Hello and Welcome to the forum...


----------



## jammygee (Apr 10, 2009)

thanks!


----------



## Ikon66 (Sep 12, 2003)

are you on separate computers?

who said the art of conversation was dead :wink:

welcome to the TTF - have you got any embarrasing stories you would like to share? :twisted:


----------



## jammygee (Apr 10, 2009)

yes we are on separate computers but we can still manage a conversation, 
Humm what would you like to know?


----------



## Ikon66 (Sep 12, 2003)

how many have stories you got?

just enough to make Paul


----------



## jammygee (Apr 10, 2009)

ok, lets go with today, Paul unsuccessfully launched his car.
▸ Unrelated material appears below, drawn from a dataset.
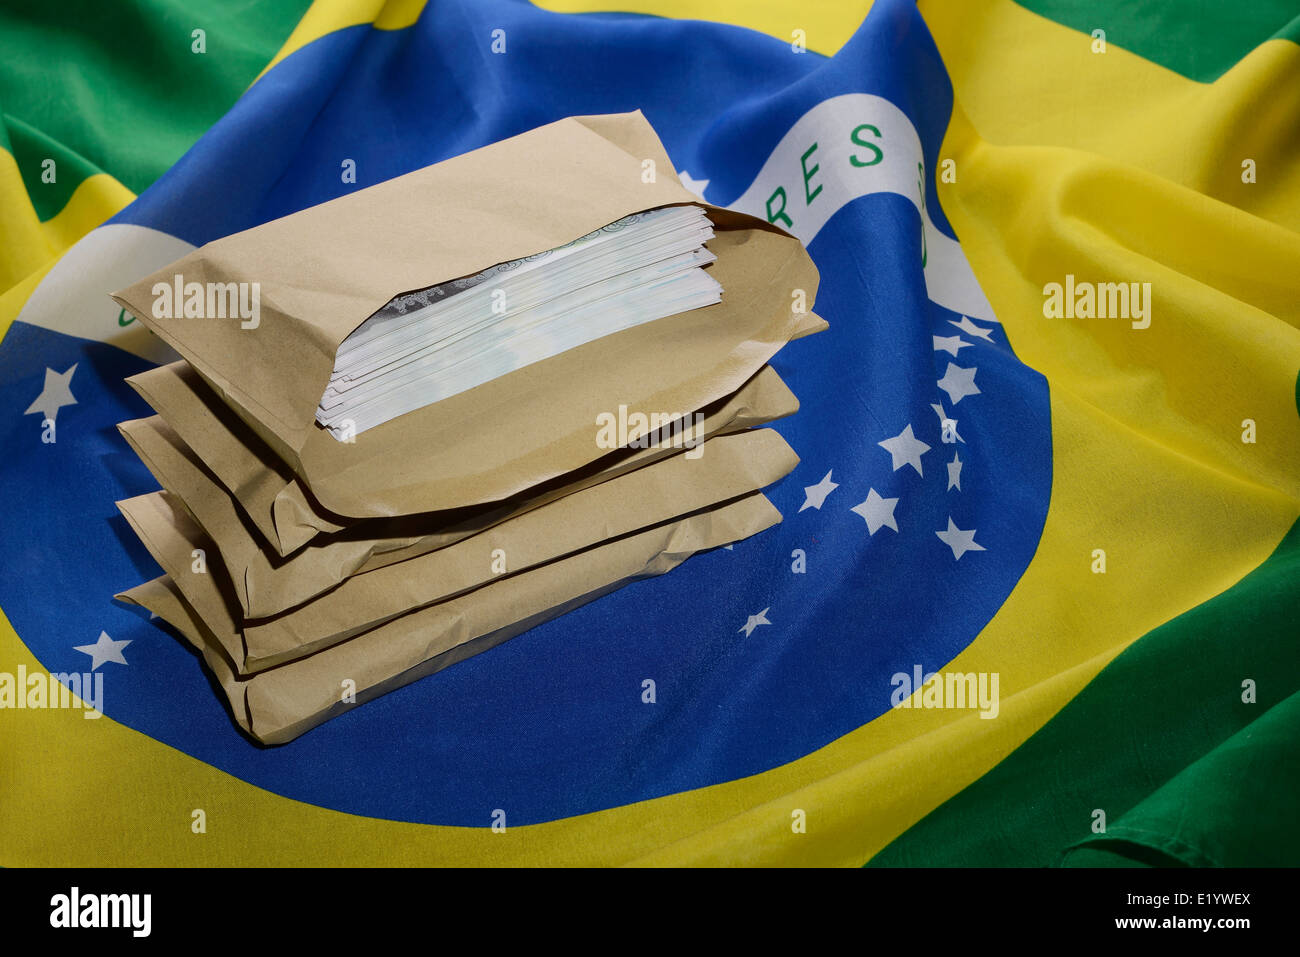 Brazil flag with brown envelopes full of money Stock Photo
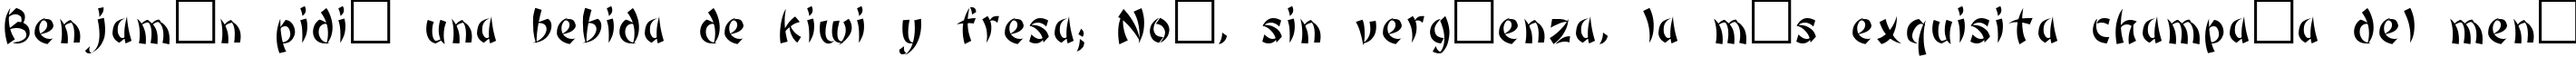 Пример написания шрифтом Bonzai Regular текста на испанском

He just over revved it and made the clutch smell burnt!


----------



## jammygee (Apr 10, 2009)

PS Paul just threatened to edit my posts!!


----------



## Ikon66 (Sep 12, 2003)

oh dear - lets hope the divorce papers don't arrive soon - griefing a man's driving is almost as bad as griefing his performance in bed

lets hope he doesn't get off the line too quickly there :wink:


----------



## Ikon66 (Sep 12, 2003)

jammygee said:


> PS Paul just threatened to edit my posts!!


 :lol: :lol:


----------



## jammyd (Oct 11, 2008)

I am a 10 min man!!!!
+
We are not married yet! nor will be at this rate 

Like I would edit the posts  It would show up in the mod logs!


----------



## Wallsendmag (Feb 12, 2004)

Welcome to the forum , how can you balls up launch control ? :roll:


----------



## malstt (Apr 18, 2007)

Welcome 8)


----------



## jammyd (Oct 11, 2008)

wallsendmag said:


> Welcome to the forum , how can you balls up launch control ? :roll:


I dont have DSG, so I was trying to do it manually 

plus I was still rolling a little, and did not do it well... [smiley=bigcry.gif]


----------



## jammygee (Apr 10, 2009)

wallsendmag said:


> Welcome to the forum , how can you balls up launch control ? :roll:


it just didnt happen!


----------



## Wallsendmag (Feb 12, 2004)

jammygee said:


> wallsendmag said:
> 
> 
> > Welcome to the forum , how can you balls up launch control ? :roll:
> ...


Another advantage of S-Tronic


----------